# Cheaper cassette on the SRAM Red Motobecane Le Champion Ti



## SnowTown (Sep 10, 2007)

Why did the SRAM Red equipped Le Champion titanium came with the cheaper SRAM PG1070 cassette found in Rival or Force groupsets?


----------



## asad137 (Jul 29, 2009)

I'm sure cost is one reason, but the OpenGlide design and solid construction are also reported to make it noticeably noisier than the PG1070.

Asad


----------



## PlatyPius (Feb 1, 2009)

My guess is that there are 2 reasons:

1) to keep the price cheap enough to entice shoppers.
2) the Red cassette is NOISY. So much so that I'm sure the phones would be busy at BD dealing with people whining about the noise.


----------



## SnowTown (Sep 10, 2007)

I guess what I'm really wondering is that if you figure in the price different between the SRAM PG1070 and the Red cassette, the price different between the SRAM Red equipped le champ ti and the dura ace one would be at around $100 or less, and the price difference between the red groupset and dura ace is certainly more. Was hoping the sram red le champ ti to be even more cheaper with the pg1070.


----------



## PlatyPius (Feb 1, 2009)

SnowTown said:


> I guess what I'm really wondering is that if you figure in the price different between the SRAM PG1070 and the Red cassette, the price different between the SRAM Red equipped le champ ti and the dura ace one would be at around $100 or less, and the price difference between the red groupset and dura ace is certainly more. Was hoping the sram red le champ ti to be even more cheaper with the pg1070.


Wholesale prices:

Red Group with 1070 cassette: $1230.59 (Note the bike comes with CERAMIC BB bearings, adding over $100 to the wholesale cost)
DuraAce Group: $1511.30

Price Difference: $280.71 The bike prices are within $200.

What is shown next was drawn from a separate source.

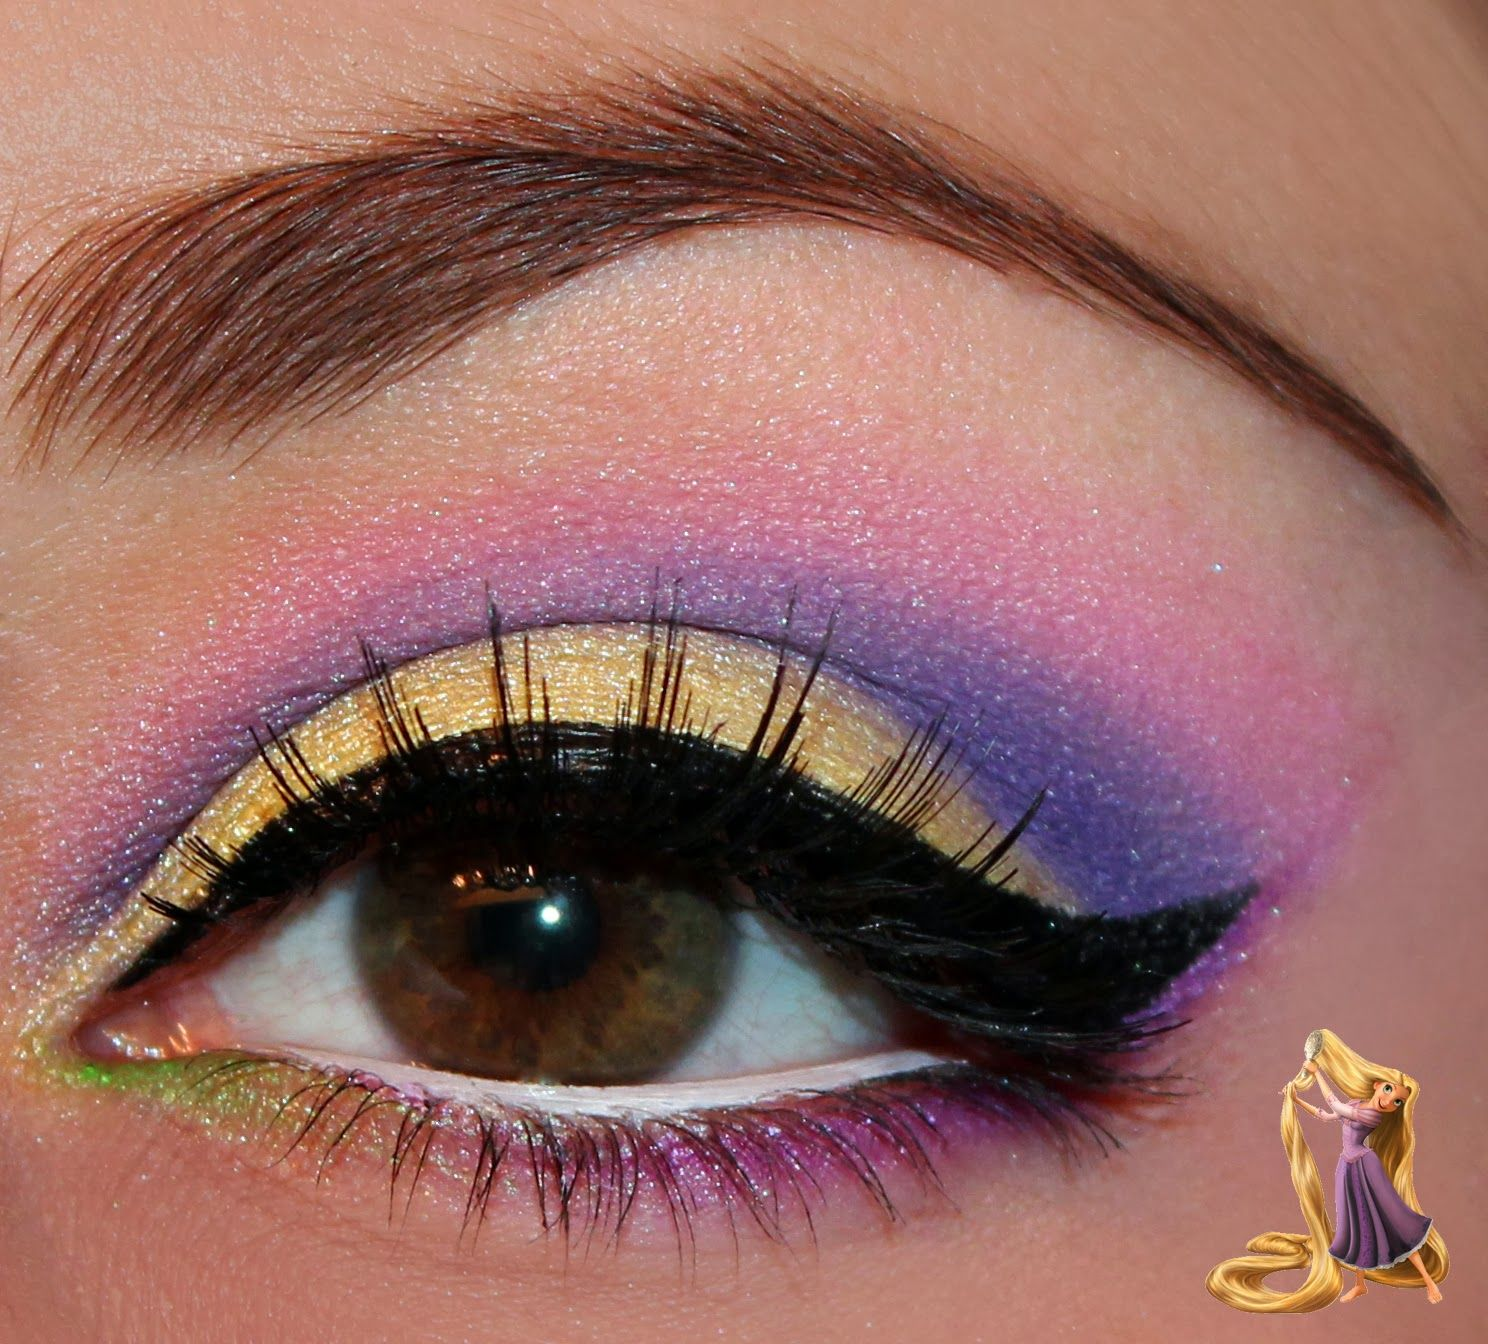 Luhivy S Favorite Things Disney Makeup Disney Inspired Makeup Disney Princess Makeup
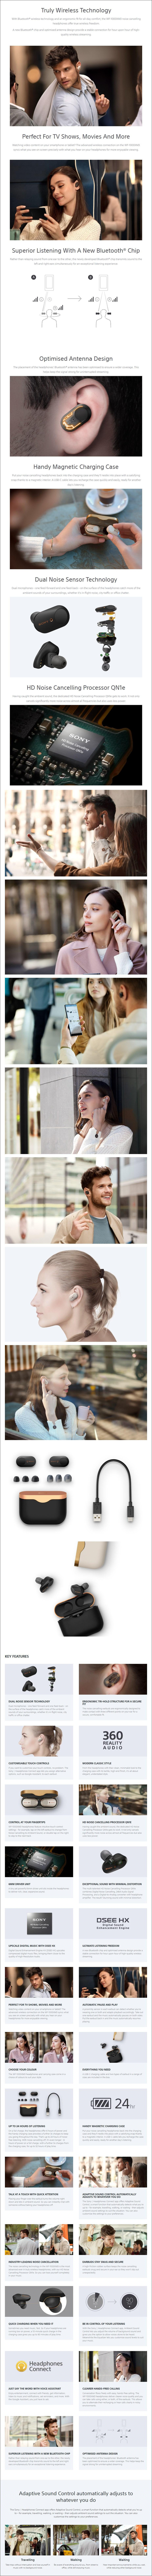 Sony WF-1000XM3 True Wireless NC Headphones - Black - Overview 1

Note also that the RED bike is 1/2 pound lighter than the D/A bike.
Also to consider: Shimano gives better prices to brands than SRAM does. There's only $80 difference left between the two, after factoring in normal group costs. That could easily be explained with Shimano's monopoly discounts.

The wholesale price on a full RED group is $1333.80 with Ceramic bearings.


----------